A greater part of the gathered data points out that the protein-protein interaction between GR and NF-κB is most likely to occur in the nucleus. A first piece of evidence has been referred to above, namely the unchanged footprinting pattern of NF-κB bound to its response element in the GC-repressible ICAM promoter (Liden et al., 2000). Secondly, when p65 is fused to a DNA-binding yeast protein Gal4 this fusion protein is completely nuclear and now able to transactivate a GAL4 binding site containing reporter gene. Importantly, GCs can inhibit the transactivation of Gal4-p65 to the same extent as of wild-type p65, arguing that GC repression is a nuclear phenomenon (De Bosscher et al., 1997). The transactivating Cterminus of p65 has been shown to contact the general transcription factors TFIIB and TBP (TATA-binding protein) in vitro (Schmitz et al., 1995); this binding could help stabilizing TFIID interactions to build up a functional promoter initiation complex (PIC) and to start gene transcription.
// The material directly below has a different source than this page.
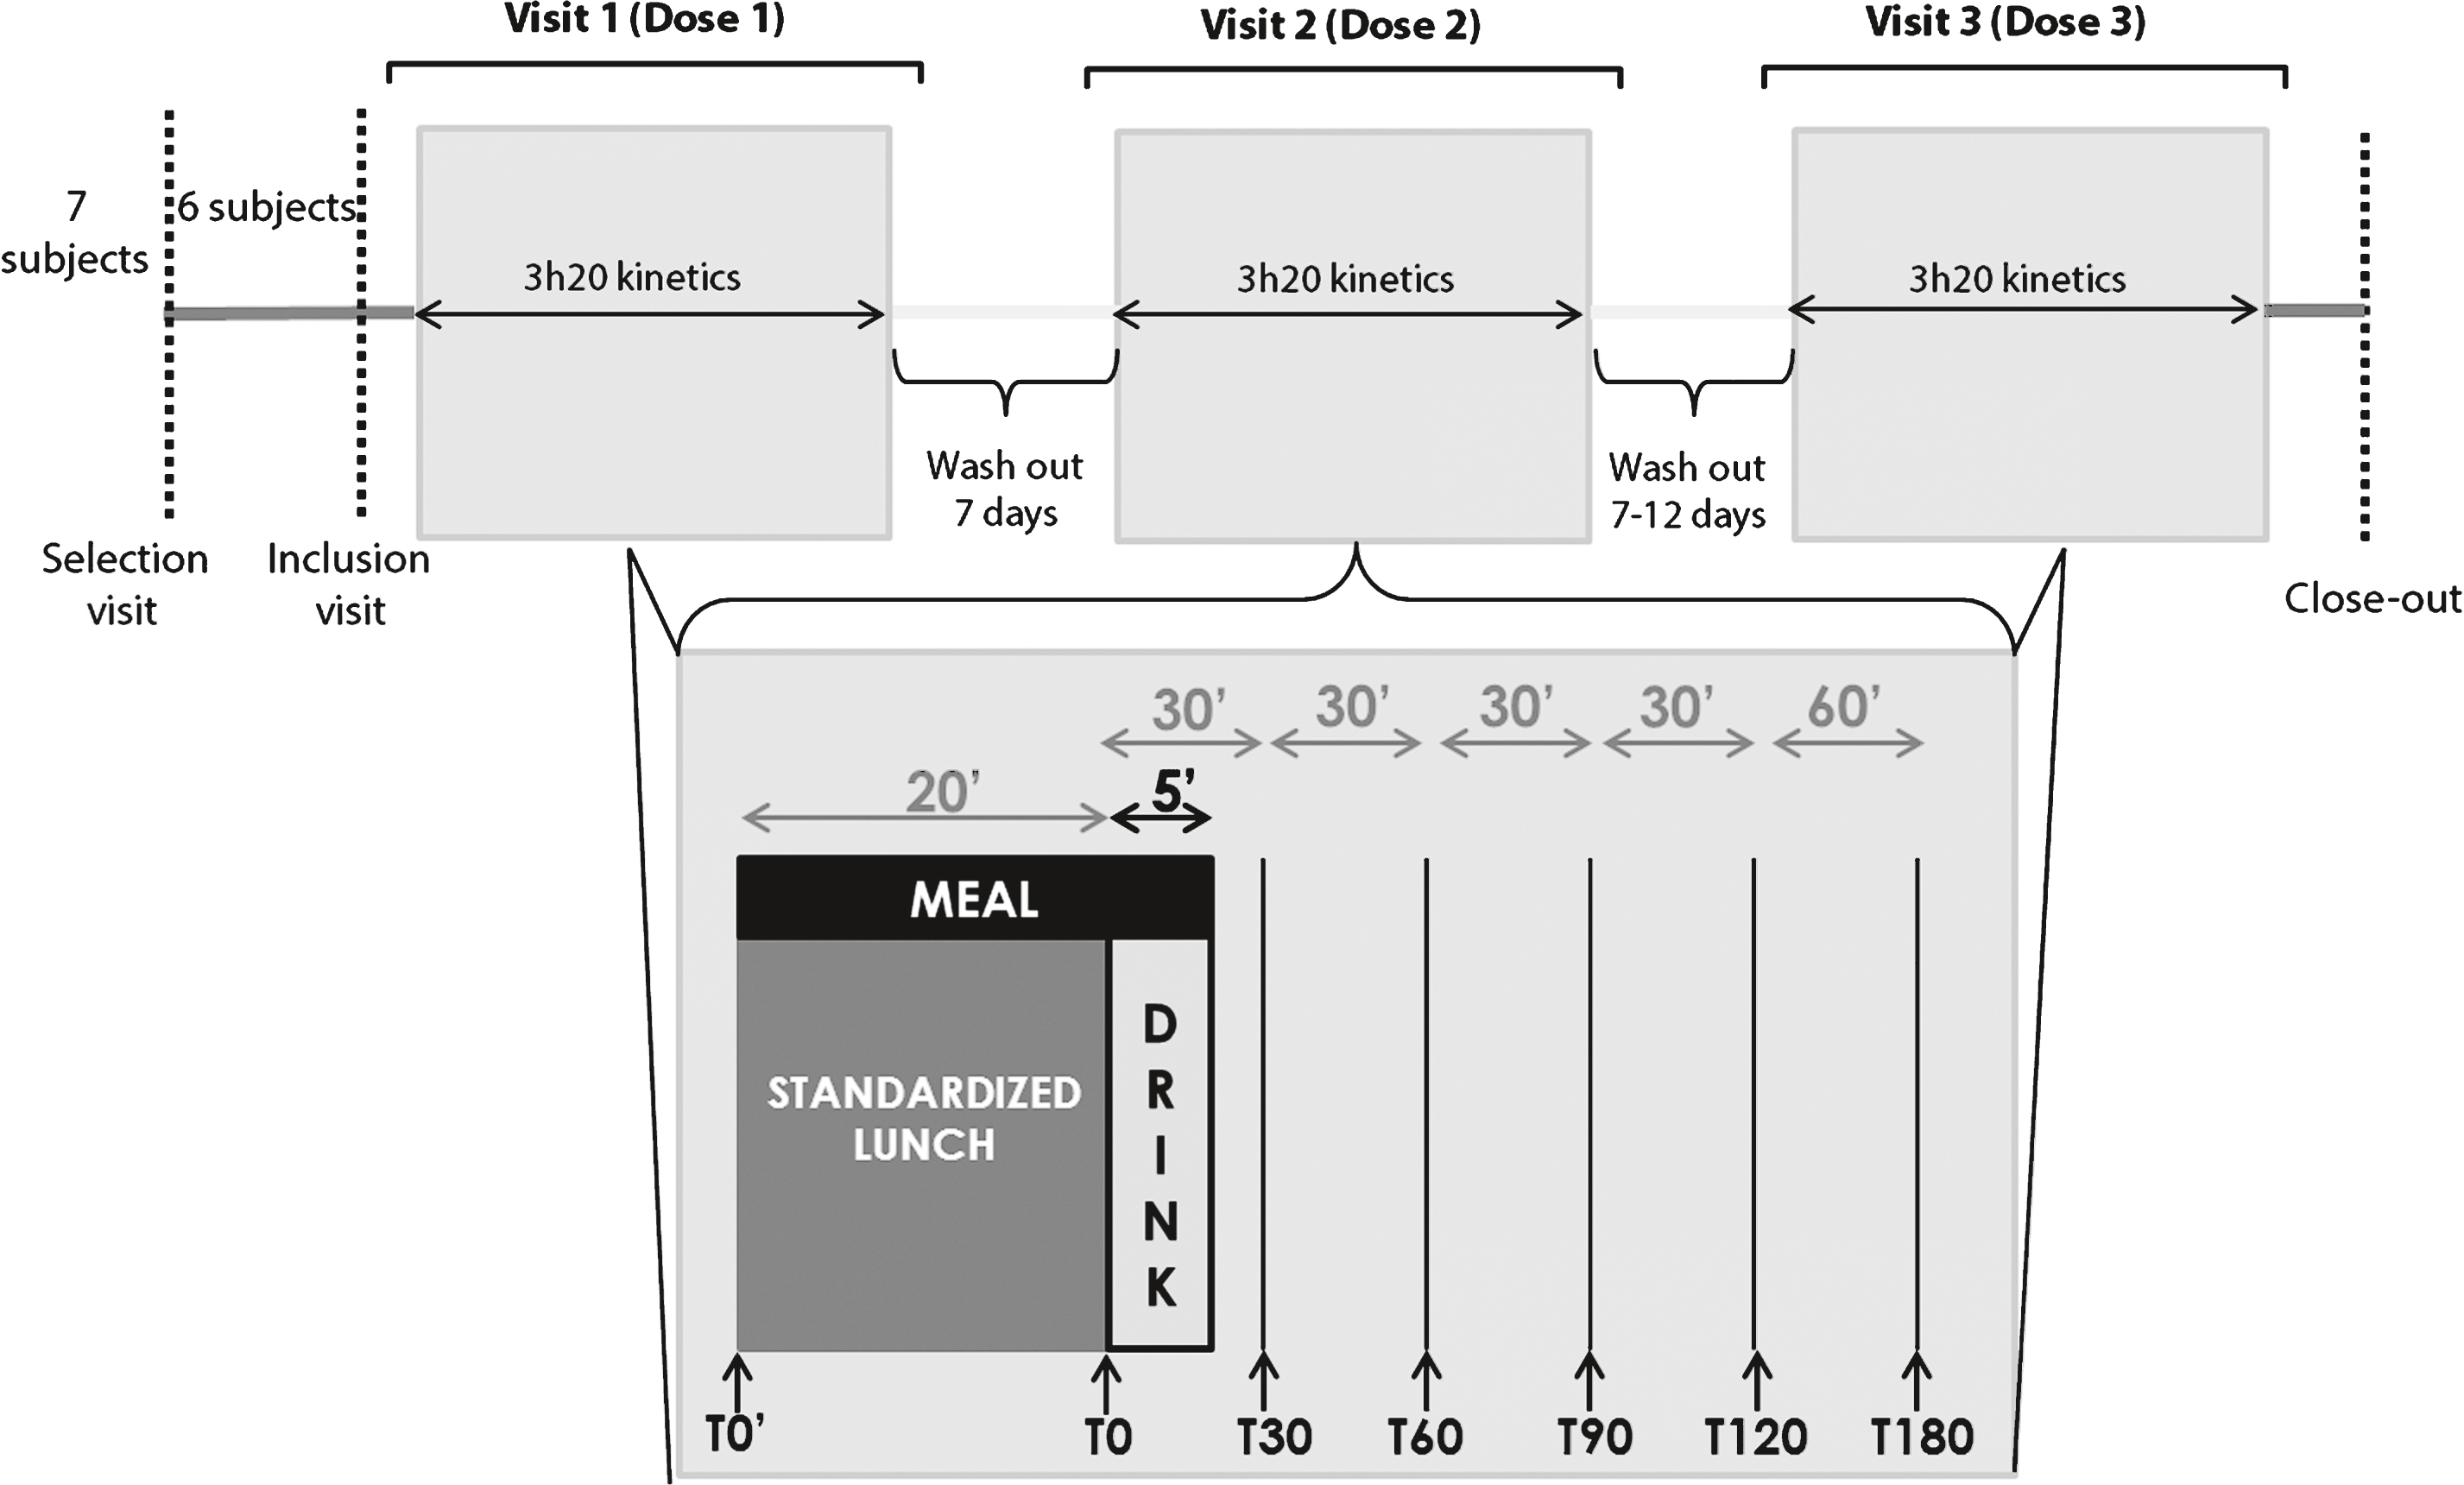 The study was based on a crossover design. During each visit of the study, the six men consumed a standardized lunch supplemented with a beverage containing either 0 g, or 5 g or 8.2 g of soluble milk proteins (randomly assigned). Blood samples were collected before and after lunch consumption (during a 3h20 period).

The importance of the promoter context close to the TATA box sequences in mediating transrepression was exemplified by the finding of a NF-κB-driven gene that was no longer responsive to GC-mediated repression (De Bosscher et al., 2000b). Finding the sequences that determine this unexpected promoter specificity is an important issue. Another study exploring events around the start site of transcription came up with exciting new evidence that GR mediates repression by interfering with the phosphorylation of a Serine residu in the Cterminal domain of RNA polymerase II, again, without inhibiting assembly of the PIC (Nissen and Yamamoto, 2000). Cofactors are nuclear proteins that are able to form a bridge between transcription factors and the basal transcription machinery, without contacting the DNA themselves (Horwitz et al., 1996). They are often associated with an enzymatic activity, either a histone acetylase or a histone deacetylase activity, depending on their function as a coactivator or a corepressor, respectively. Histone acetylation is believed to be important for relaxing chromatin and favouring gene transcription, the opposite holding true for histone deacetylation (Wolffe and Pruss, 1996; Wolffe, 1997). The abovementioned result postulates the existence of a novel type of corepressor, associated with the LBD of GR, possibly a serine-2- phosphatase or a serine-2 kinase inhibitor (Nissen and Yamamoto, 2000).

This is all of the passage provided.